I spoke to the manager there. By the way, he is as much a working part of the team as anyone else. He told me, “It took a fair bit of time to work out the system and get the right tools and fluids. We think we have it right now and the main thing is letting the team get on with it. I give a guiding hand now and again but my main management job is really restricted to training any new people who come aboard.”
Less management is more?
In all three cases, the essence of the success seems to be management in the background. OK, there is a system at Magic Car Wash – and a good one – and I am sure that there are some very clear rules at the Re-cycling Centre – if only on health and safety grounds. However, what is equally clear, in all three cases, is that they are self-managing teams. From what I can gather they:
- work out their own rota
- discuss how things are done
- initiate changes in work methods
- regulate membership of the team
- help each other
- … and cover for each other if someone needs an hour off.
In all three cases, staff attrition seems to be very low. Absenteeism is not only virtually zero but is also managed by the team. (If you are absent when needed, the team itself will soon let you know that you are not wanted!)

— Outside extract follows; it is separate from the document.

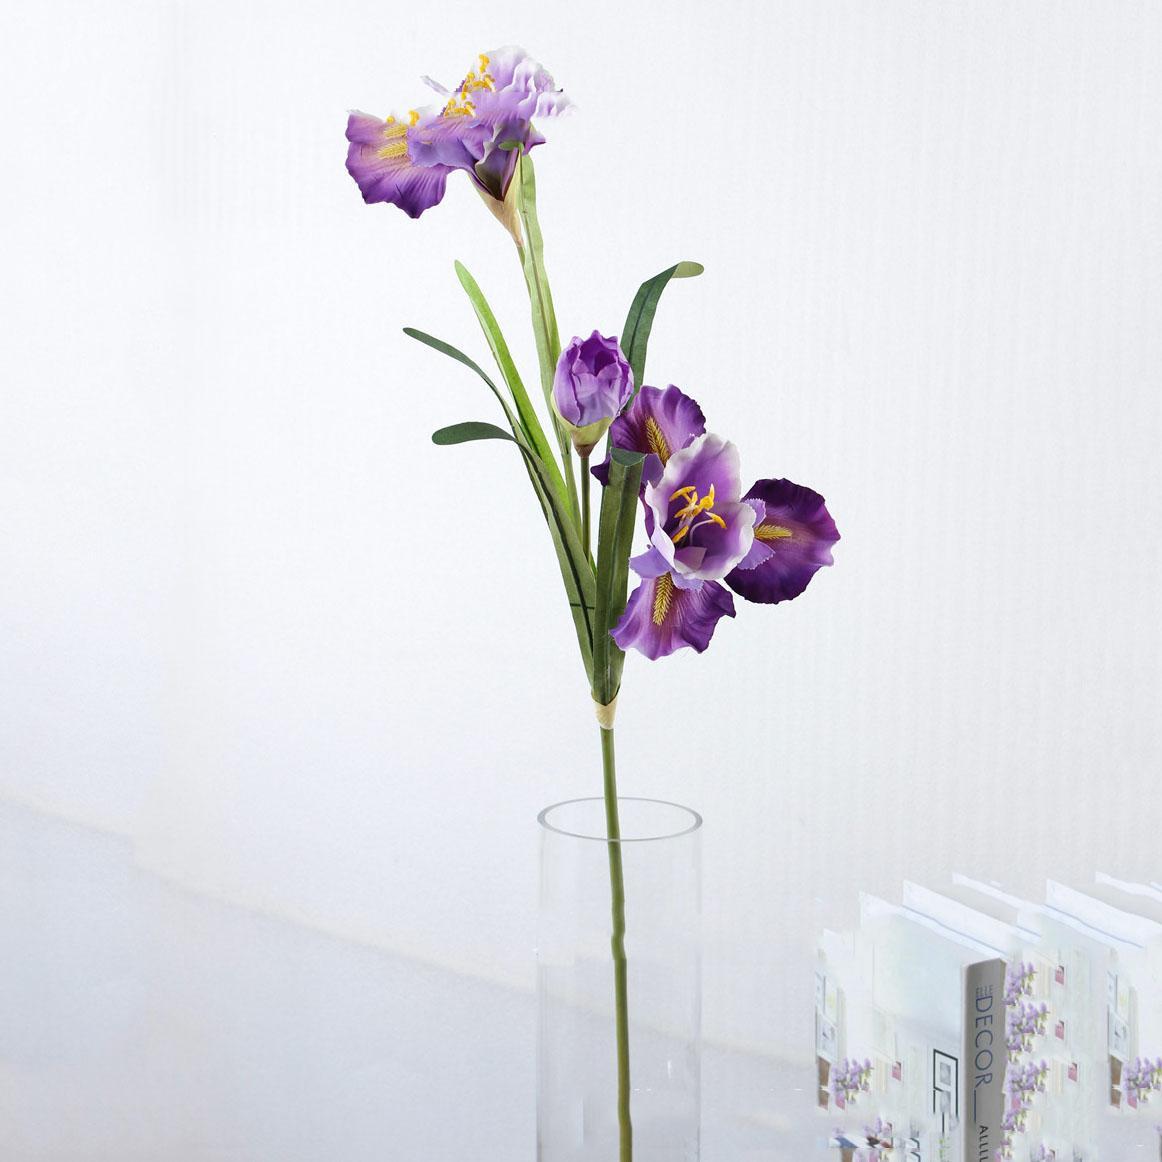 2019 90cm High Artificial Iris Flower Silk Flowers Wedding Party

Could more efficient methods be designed by a ‘time and motion’ engineer? Well, possibly, but isn’t that the point? If you want a group of people to work well, look after the customers and do a quality job - with low staff attrition and no absenteeism - then it appears that less management is more.
It is not as if cleaning, rubbish disposal and car washing are inherently attractive jobs. What makes the job attractive is the way that they are (not) managed.